Meredith is at it again.....
NEW YORK (MarketWatch) -- Investment banks will continue to face pressure on their core businesses, Oppenheimer & Co. analyst Meredith Whitney said Tuesday as she slashed estimates for Merrill Lynch, Lehman Brothers, Morgan Stanley and Goldman Sachs.
Banking giants face an outlook that is "far more bleak than that reflected in the market," Whitney warned in a note to clients.
"With less than three weeks until the end of the fiscal second quarter, the global capital markets activity for the quarter shows continued weakness,'' Whitney wrote.
As a result, she trimmed earnings estimates for the four investment firms by an average of 41% for the second quarter, by nearly 50% for the full year and by 20% for 2009....
...And now, a new problem
In Tuesday's research note, Whitney said banks face a new problem: Many have yet to fully digest the temporary gains they earned as prices for credit-default swaps, or CDSs, rose in the first quarter but subsequently lost when prices fell in the second quarter.
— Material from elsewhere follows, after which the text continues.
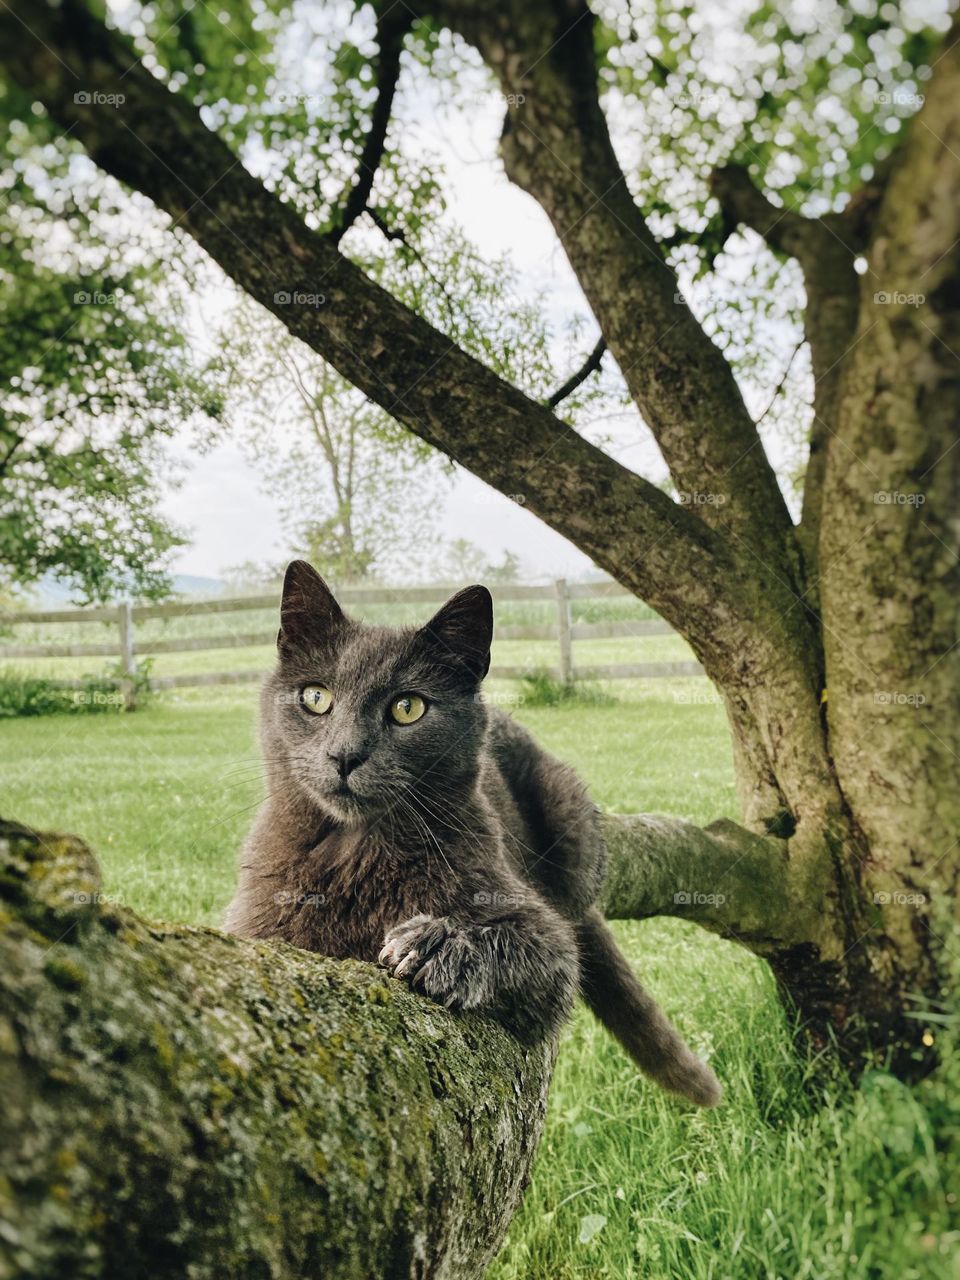 Cat on tree branch

Those losses could be bad news for investors who may have counted on an end in sight after last year's string of multibillion-dollar write-downs. Banks have been forced to write down more than $300 billion on bad bets in the mortgage market after a tanking housing market and global credit crunch made many of those investments virtually worthless....
... "Based upon the action in CDS spreads so far this quarter, we believe the brokers' earnings will face sizable headwinds from the reversal of revenues resulting from the spread narrowing of firms' CDS spreads," Whitney said.
She added that the effects of the global credit crisis will continue to reverberate throughout the market, making it unlikely banks will see significant gains anytime soon. That could put pressure on share prices and spell trouble for investors, she said....
... She said in a Bloomberg Television interview on Monday that Vikram Pandit, Citigroup's chief executive, faces in a uphill battle in returning the company to a stable position.
"I think it's an impossible feat," Whitney said in the interview. "They don't have the revenue power, they don't have the earnings power in so many of their businesses."
Referring to the famed physicist, she added: "Even Stephen Hawking could not pull this off."